ROME (Reuters) - Italy shrank further into recession in the second quarter for a 2.5 percent yearly decline, data showed on Tuesday, threatening attempts by Mario Monti's technocrat government to control a debt crisis that is undermining the whole euro zone.

A 0.7 percent fall in gross domestic product, only slightly better than the first quarter's 0.8 percent decline, means the Group of Seven economy has now been contracting for at least a year, according to figures from government agency ISTAT.

This will weaken tax revenues and hit jobs and consumer spending, a vicious circle which makes it harder for Monti, who is aiming to cut the budget deficit to 0.1 percent of GDP in 2014, to meet his public finance goals.

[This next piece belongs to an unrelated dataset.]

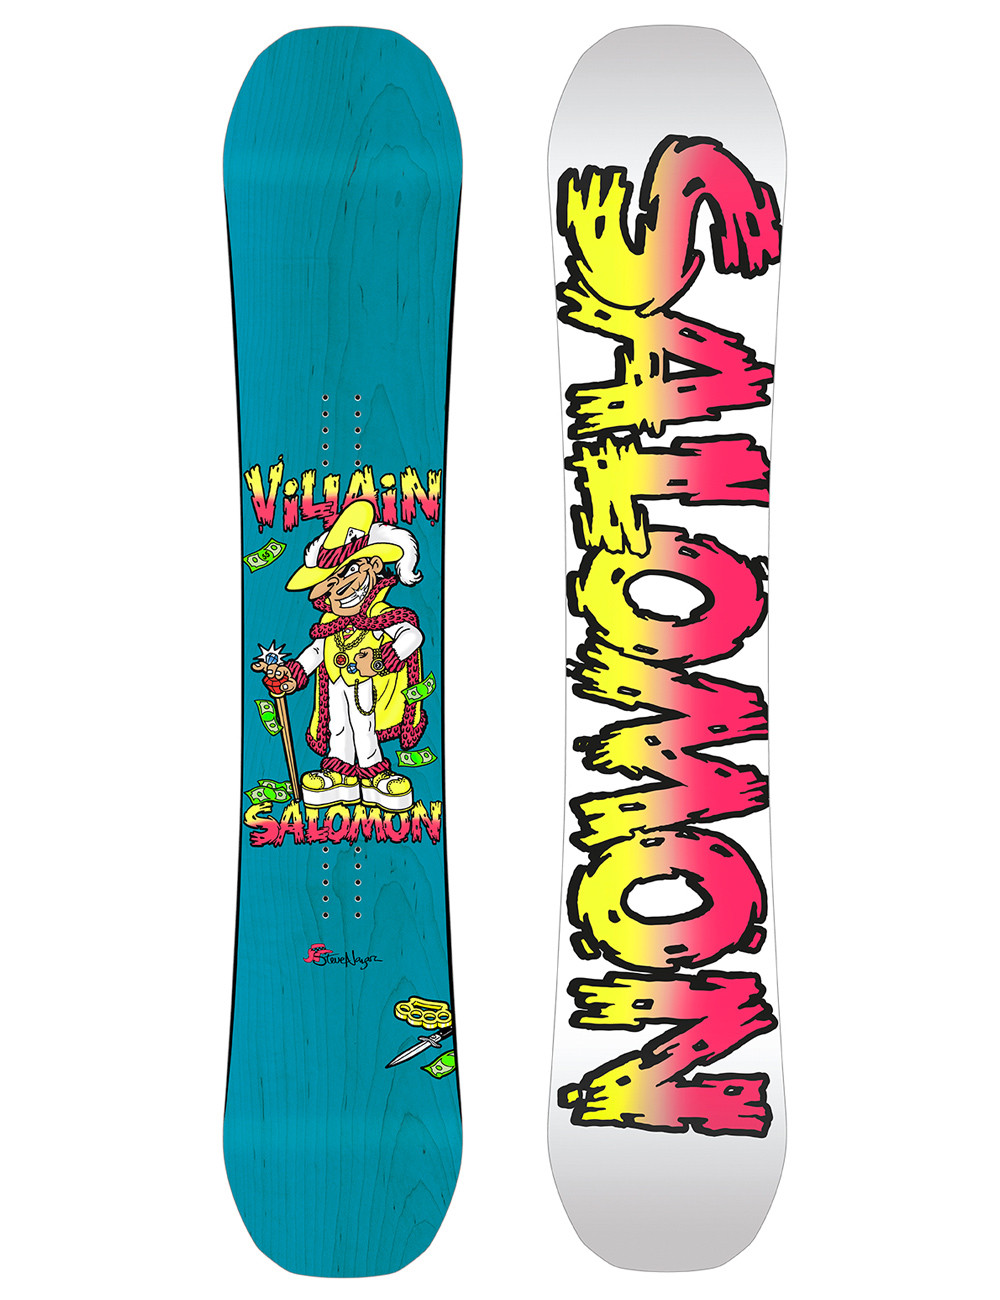 Deska snowboardowa Salomon The Villain Classicks 20182019

Italy has been the euro zone's most sluggish economy for more than a decade and is at the forefront of the debt crisis, with borrowing costs bordering levels seen unsustainable over the long run.

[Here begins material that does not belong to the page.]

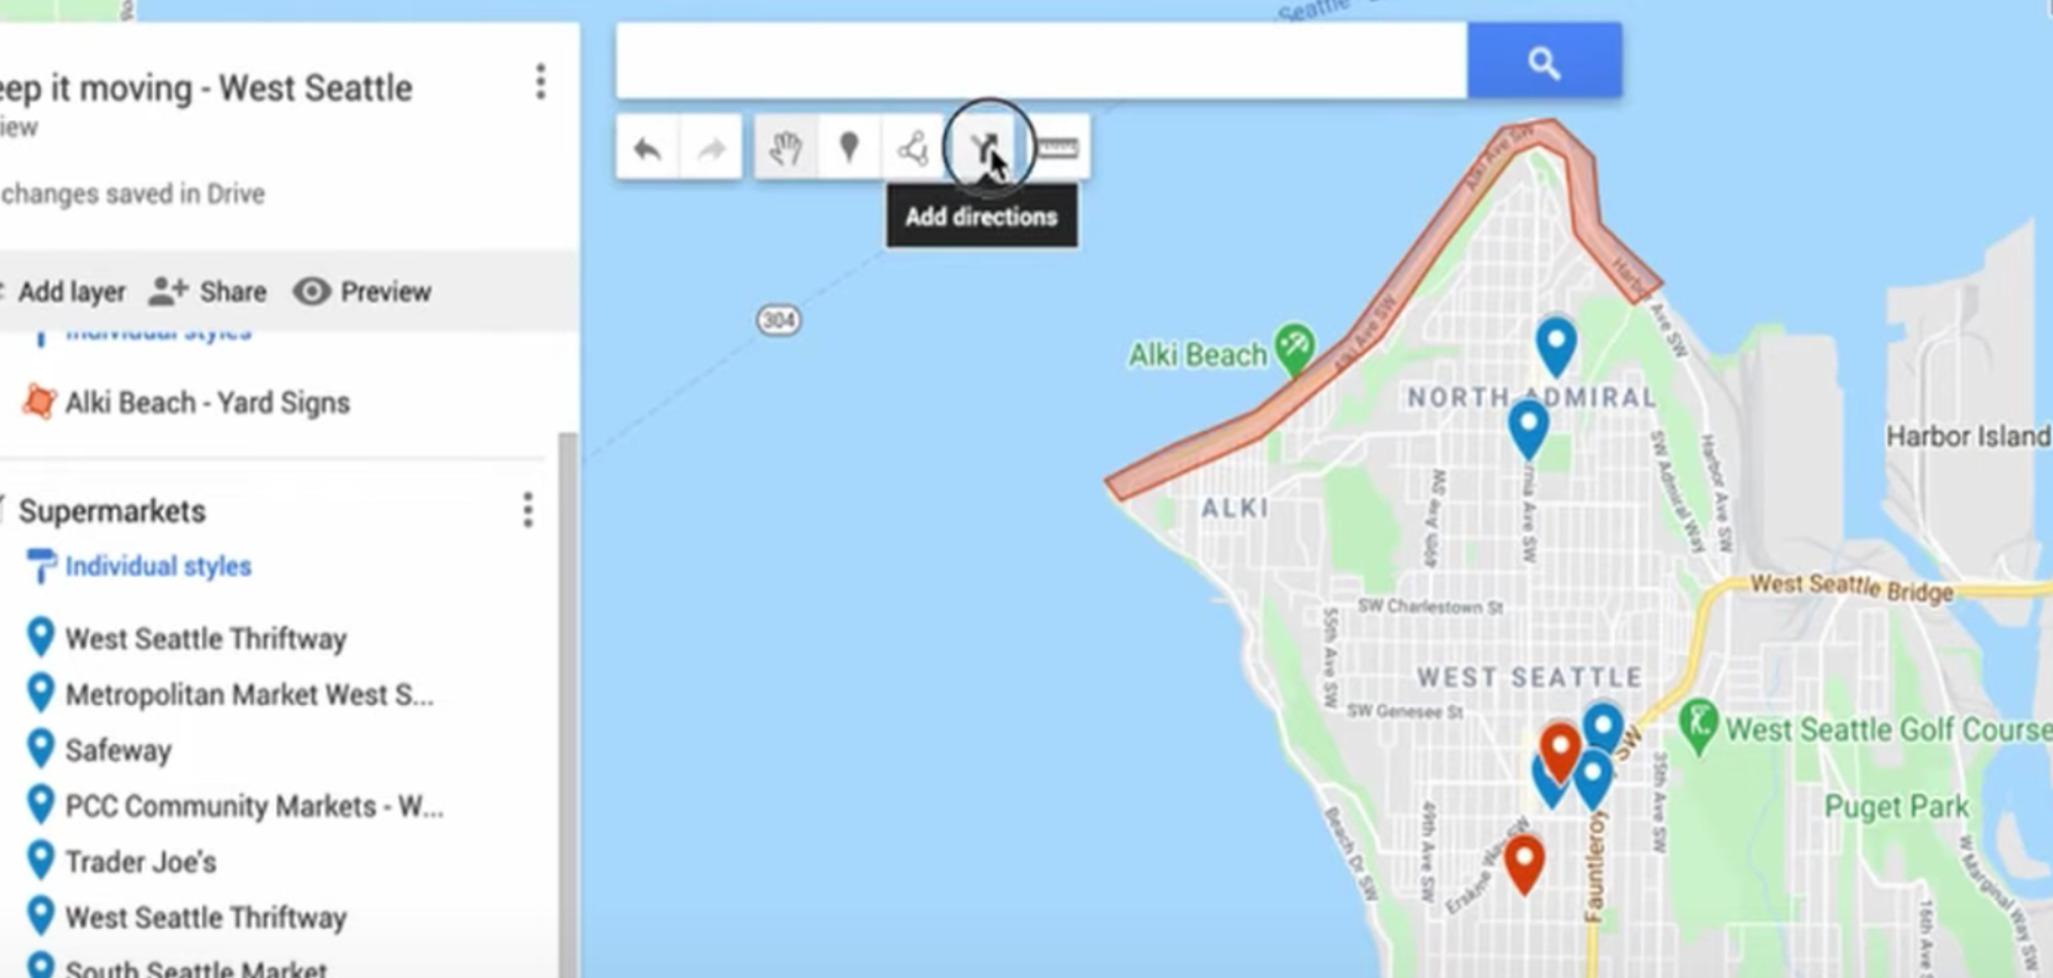 Add directions visualization

Investors have become increasingly concerned about Italy's ability to bring down public debt of around 123 percent of output - a mood that threatens to spill further into the bloc.

Monti passed austerity measures worth more than 20 billion euros ($24.83 billion) at the end of last year to head off a mounting debt crisis but the package, made up largely of tax hikes, sapped consumer morale and deepened the recession.

"The austerity measures are obviously weighing on the economy," said Vincenzo Bova of MPS Capital Services. "Investments and consumption, both private and public, are the hardest-hit areas."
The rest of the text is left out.